Bagi Rizqal, dia lebih memikirkan apakah model Zhuangshang cocok untuk wilayah kepulauan Indonesia yang juga jarang penduduknya, sulit transportasi, serta minim sumber daya minyak dan gas.
Tahun lalu, Chen mengikuti pemerintah China untuk mengunjungi Bali.

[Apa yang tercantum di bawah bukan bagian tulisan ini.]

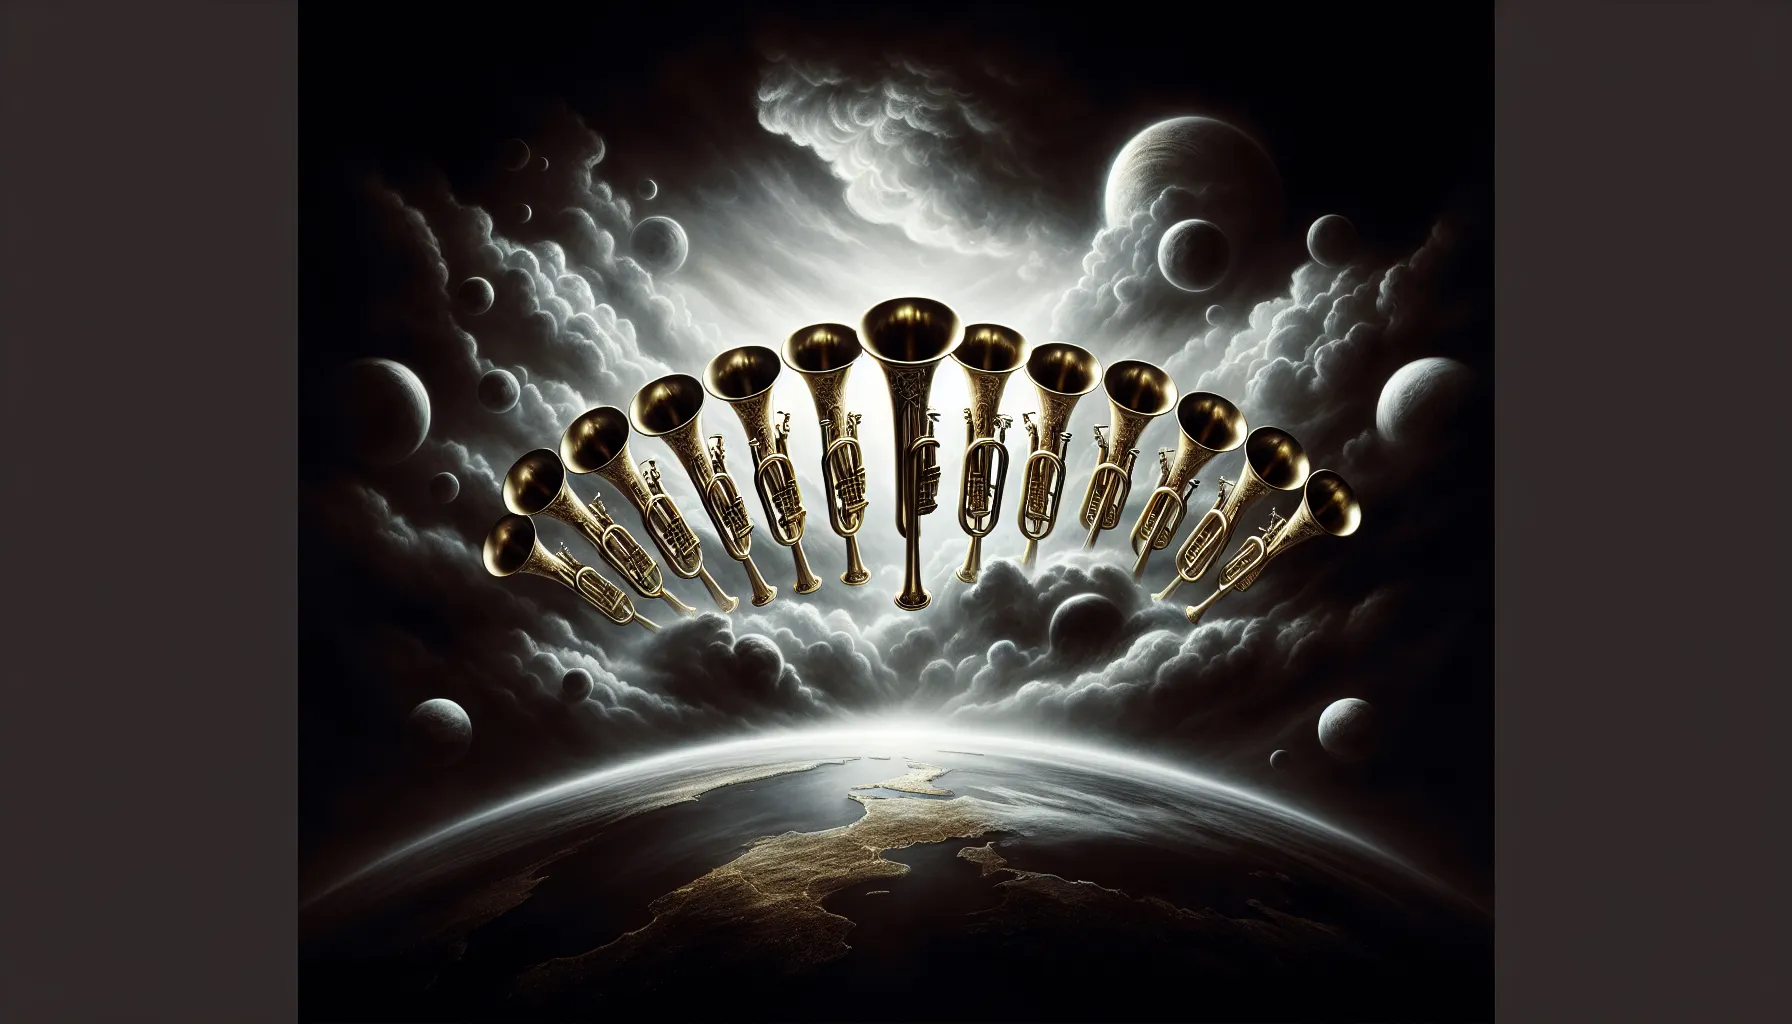 Representación visual de siete trompetas sobre fondo oscuro, simbolizando la profecía apocalíptica de la Biblia.

Dalam penelitian lapangan, dia menemukan bahwa banyak daerah di Indonesia yang cocok untuk promosi sistem distribusi PEDF.
“Sinar matahari efektif di Zhuangshang dalam setahun adalah 1.200 jam, sedangkan di banyak daerah di Indonesia adalah 1.800 jam, yang dapat menyediakan banyak listrik bagi masyarakat setempat,” kata Chen.
Dalam beberapa tahun terakhir, kedua negara telah mencapai serangkaian kesepakatan kerja sama di bidang pembangunan infrastruktur dan pembangunan hijau, yang akan memberikan platform yang luas bagi kerja sama energi di masa depan.
Tahun lalu, kedua negara mengeluarkan pernyataan bersama untuk memperdalam kerja sama strategis menyeluruh, mengungkapkan bahwa China mendukung perusahaan-perusahaannya untuk bekerja sama dengan mitra-mitra di Indonesia dalam bidang investasi, ilmu pengetahuan dan teknologi (iptek), peningkatan kapasitas, serta penelitian dan pengembangan (litbang) di bidang transisi energi yang sesuai dengan prinsip-prinsip komersial.
“Baik Shanxi maupun Indonesia merupakan daerah yang bergantung pada batu bara, keberhasilan penerapan sistem distribusi PEDF di sini juga menghadirkan ide-ide baru bagi pembangunan hijau di Indonesia, dan saya berharap teknologi ini juga dapat membantu transformasi energi di Indonesia,” ungkap Rizqal.